The Unintended Consequences of Physician-Hospital Integration


New payment models hold care providers accountable for the full spectrum of patient care.

New payment models hold care providers accountable for the full spectrum of patient care.

Hospitals have been rapidly taking over physician practices in recent years, which could ultimately be responsible for changes in health care spending through increasing prices or use of profitable hospital-based services.

Trend analysts speculate that as health care providers position themselves to meet the challenges of new payment models that hold them accountable for the full spectrum of patient care, this trend will accelerate. If this proves true, the consequences could lead to physician-hospital integration becoming even more important to understand.

A new study by researchers at Harvard Medical School’s Department of Health Care Policy has determined that this type of provider consolidation has led to higher prices with no evidence of offsetting reduction in the use of care.

Findings indicate that integration between physicians and hospitals allows them to bargain better with insurers, particularly for the cost of outpatient care, but this integration has not led to more efficient care.

“Payment reform is critically important to achieving a high-performing health system, but the price increases we found do suggest a potential unintended consequence,” said senior study author J. Michael McWilliams, associate professor of health care policy and medicine at HMS and practicing general internist at Brigham and Women’s Hospital.

Researchers performing the study using data from Medicare claims to measure when a practice was purchased by a hospital system. They then determined the difference in spending and prices before and after integration for a cohort of more than 7 million patients with commercial insurance.

The amount of physicians employed by hospitals or working for practices owned by hospitals increased dramatically between 2008 and 2012, with an increase of 5.2 percentage points among markets at the 75th percentile of changes in physician-hospital integration.

Meanwhile, an increase in physician-hospital integration of this significance was associated with a 3.1 percentage point increase in annual outpatient spending. Price increases were largely responsible for the increase in spending.

Changes in the use of outpatient care were insignificant. This is the first study to examine the association between hospital-physician integration and prices for outpatient care.

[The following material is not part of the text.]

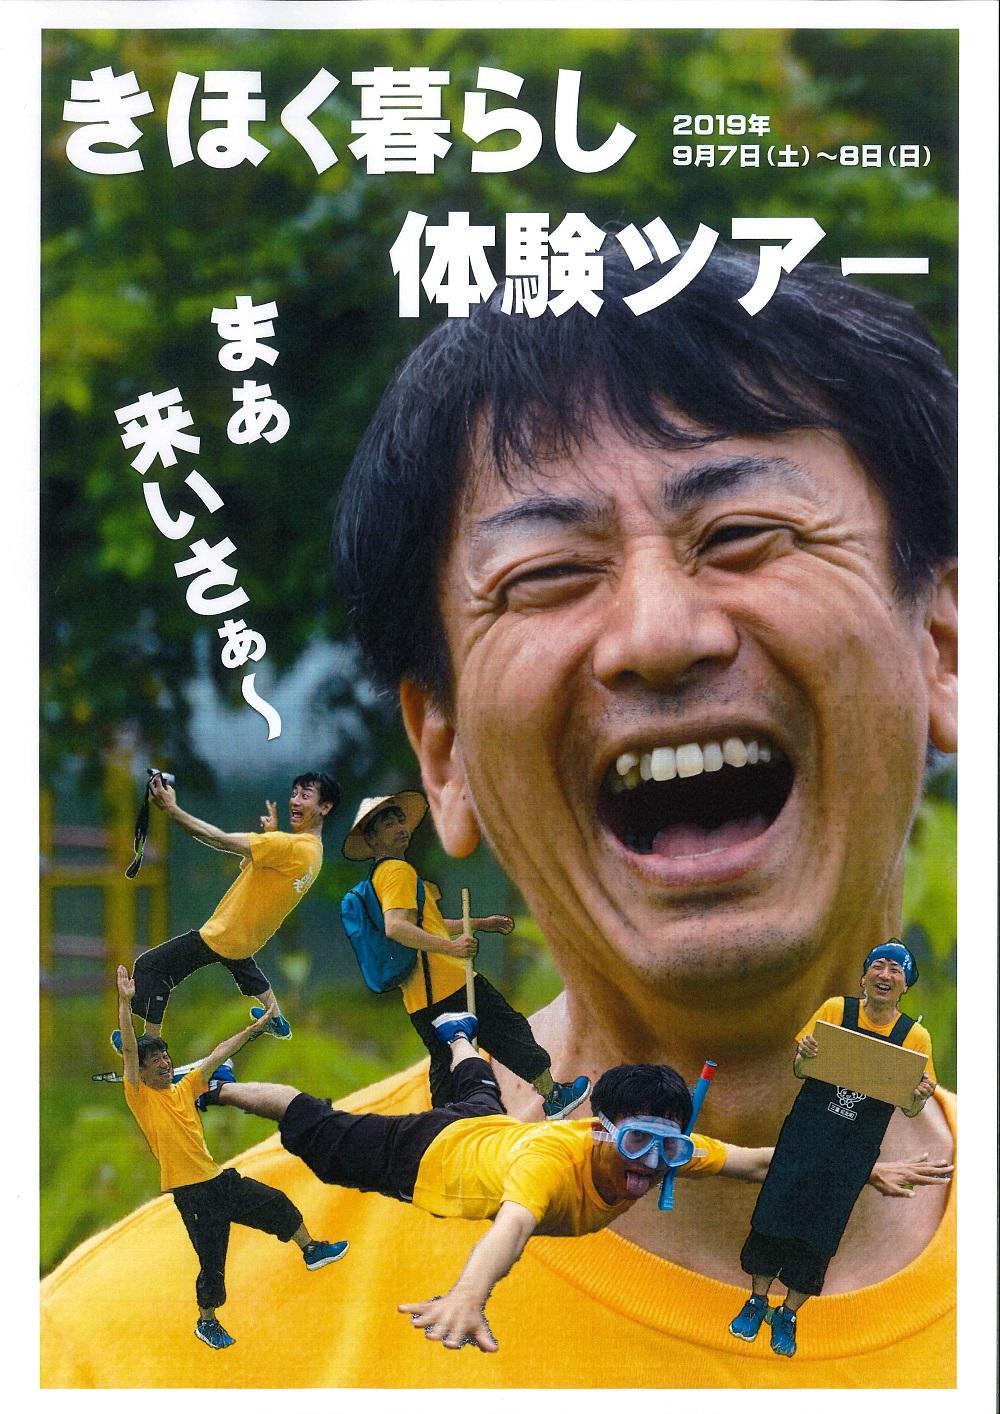 (終了しました)【9/7(土)~9/8(日)@紀北町】きほく暮らし体験ツアーを実施します。_写真1

Consolidation may seem to be a viable option in light of the alternative payment models that emphasize coordinated care, because integrated physicians and hospitals have the potential to cooperate to streamline processes and align patient care, providing higher quality care to patients, and cutting expenses at the same time.

However, taking this route may also increase the organization’s market power, allowing it to enlist higher prices from insurers.

Scientists’ findings indicate that policymakers will need to grapple with how reforms affect provider market power, with no change in the use of health care services and a $75 per patient increase in annual outpatient spending.

“At this moment of great change in health care systems, it is crucial to measure and manage the impact of consolidation on prices so we don’t inadvertently end up spending more on health care at a time when we’re trying to go in the other direction,” said lead author Hannah Neprash, a doctoral candidate in the Harvard Program in Health Policy.

McWilliams reported that in earlier research of his, the ownership of physician practices by hospitals was not necessary for alternative payment models such as accountable care organizations to achieve cost savings.

“We have known for some time that financial integration has not led to clinical integration under fee-for-service incentives. It is possible that may change under new payment models, but the benefits of financial integration between physicians and hospitals have certainly not manifested yet,” he said.